It’s this fringe kind of electronic music, with an electro aesthetic, electroclash perhaps. It’s exciting and interesting and has things to say, feels fresh and different. It has become my third big thing that I’ve stumbled upon in 2025 (after Heartworms and Ela Minus).
This woman has been keeping me mesmerized for about a month now. I stumbled upon Upwards randomly and can’t not listen to this album all the time.
Her music has a strong kinship with electropop classics that have this eerie vocal nature to them, like The Knife. However, her personal character, creativity, and connection to the hardware aspect of electronic music production gives me strong Björk vibes, too. And yet, she’s definitely her own thing: it’s not like I get reminded of these other performers and I get back to listen to those, but I stick with Ela’s album and keep listening this.
Beyond the fantastic music her lyrics are also so smart and interesting and artistic. There’s message to be told, layers of ideas to unfold. I don’t even know when was the last time I was looking up and reading lyrics for an electronic music record to understand properly all it has to say.

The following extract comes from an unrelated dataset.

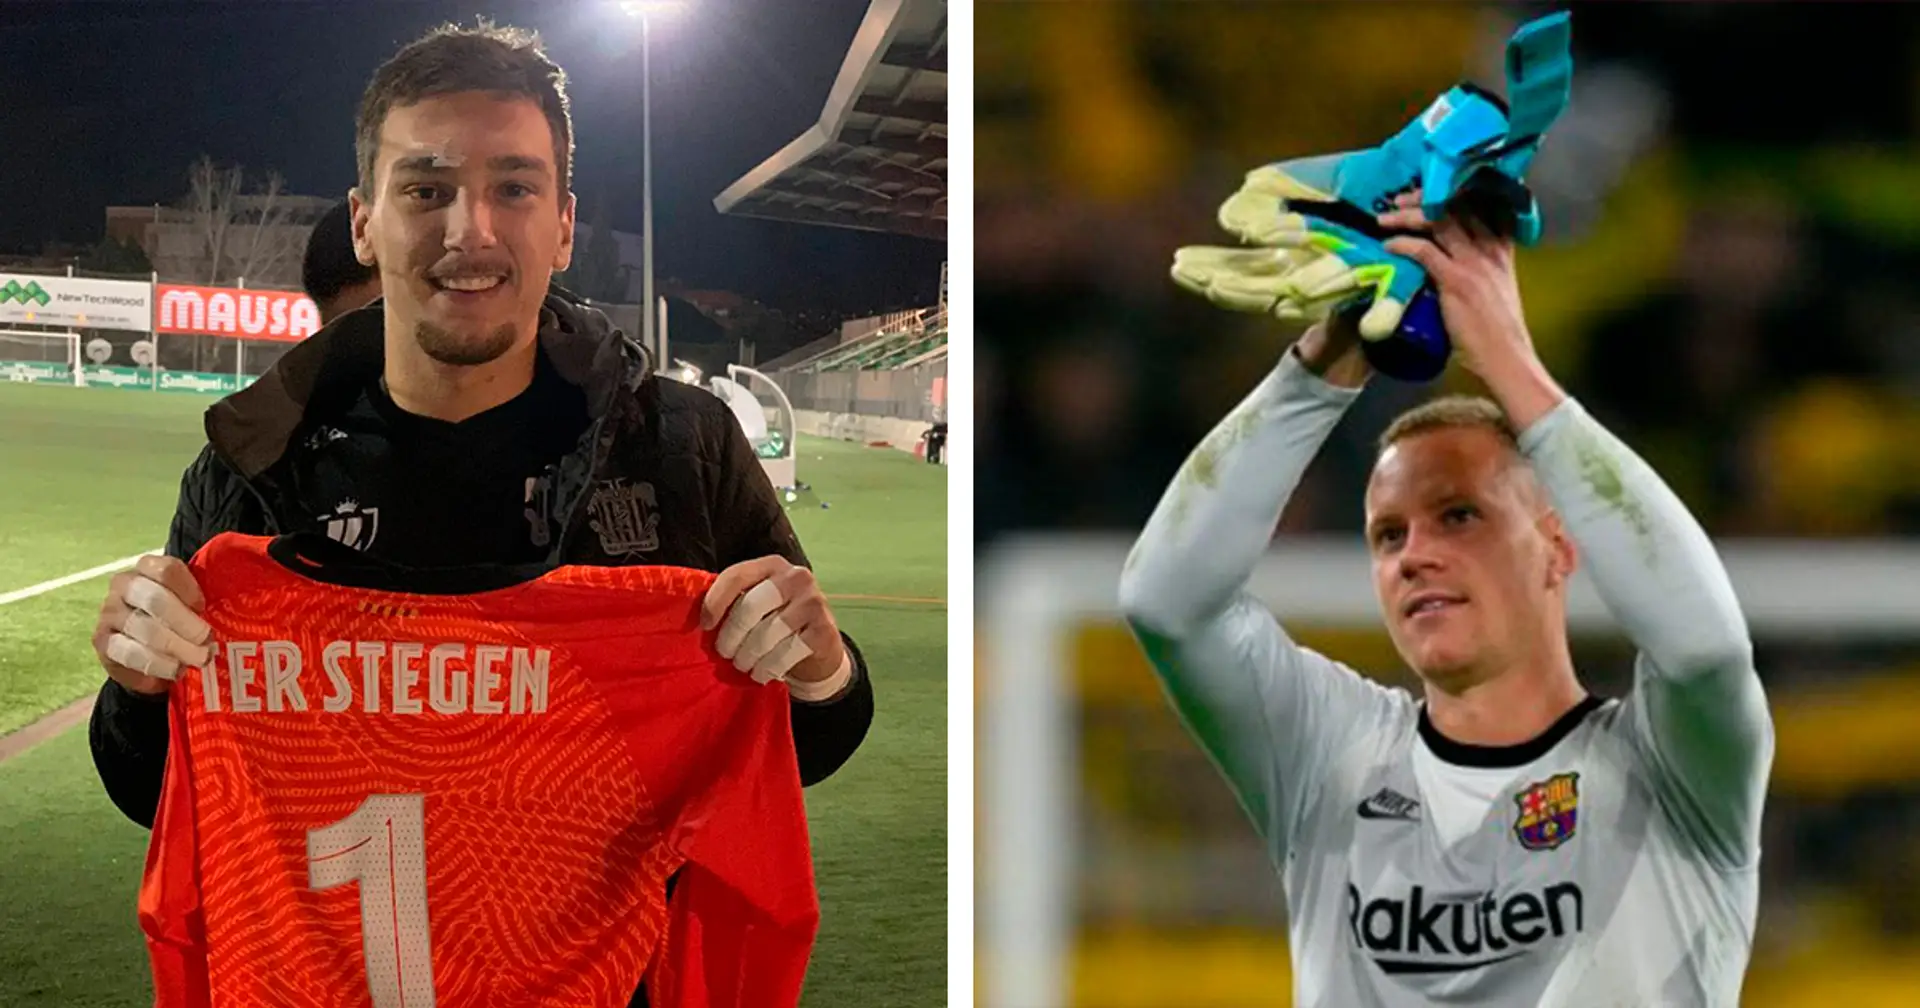 Hero recognises hero: Ter Stegen hands his jersey to Cornella goalkeeper after Copa del Rey game

I do believe this is an album to mark and remember. I’d love to have it on vinyl and put it on display as one of the milestones of this year.
It’s so strange that I haven’t made note of Minuit Machine before considering how much I listen to their records recently. It’s a constant item in my cyberpunk playlists. It’s an amazing blend of electro and goth moods resulting in this beautiful dark wave atmosphere that I just strive in.
It’s really hard to pin down the genre for this album. The atmosphere is moody electronic music on mid tempo, city music, walk in the rain music. On Basecamp it self-defines as techno and downtempo by tags. But I’d argue that the reality of it is mostly progressive breaks. In any case, Circles is my track of the month: this is most definitely prog breaks, with a fantastic melody, beautiful vocals, and such a well crafted arch for the whole song.
Overall a nice electronic music record, and I couldn’t be more specific than that—it’s like those Booka Shades of the musical spectrum that could fall in many sub-genres depending on how you look at it or where you come from. That said let’s focus on the title track, which just knocks my socks off. It is some amazing achievement in being soothing and calm, but also high in energy and making me move right away with floaty-wavy arms. I can imagine listening to it on a dancefloor and rise to melodic mid-tempo electro heaven. It’s been a while that I listened to something and wanted to reach for remixes; I just wish there’s a slightly higher tempo version of this as well.
Steffi‘s Yours & Mine is my forever favorite work music. When I need to push push push it in the most efficient way that is my go-to. Now, this album is the pretty close to that. It is good music, has some great vibes and tunes and drag to it, but neutral and non-disruptive enough to be able to fully concentrate on what I’m working on. It contains a couple different flavors of electro and a general dub techno mood.
During the first track I was considering skipping this EP altogether, lucky I didn’t. This is a collection of some oddball electro tracks, which are too boogie to be IDM but too silly to appear seriously on a dancefloor. But it would be FUN to hear a track like Night Drive in a club. Although the one titled Pleasure Activism could totally fit a chiptune set.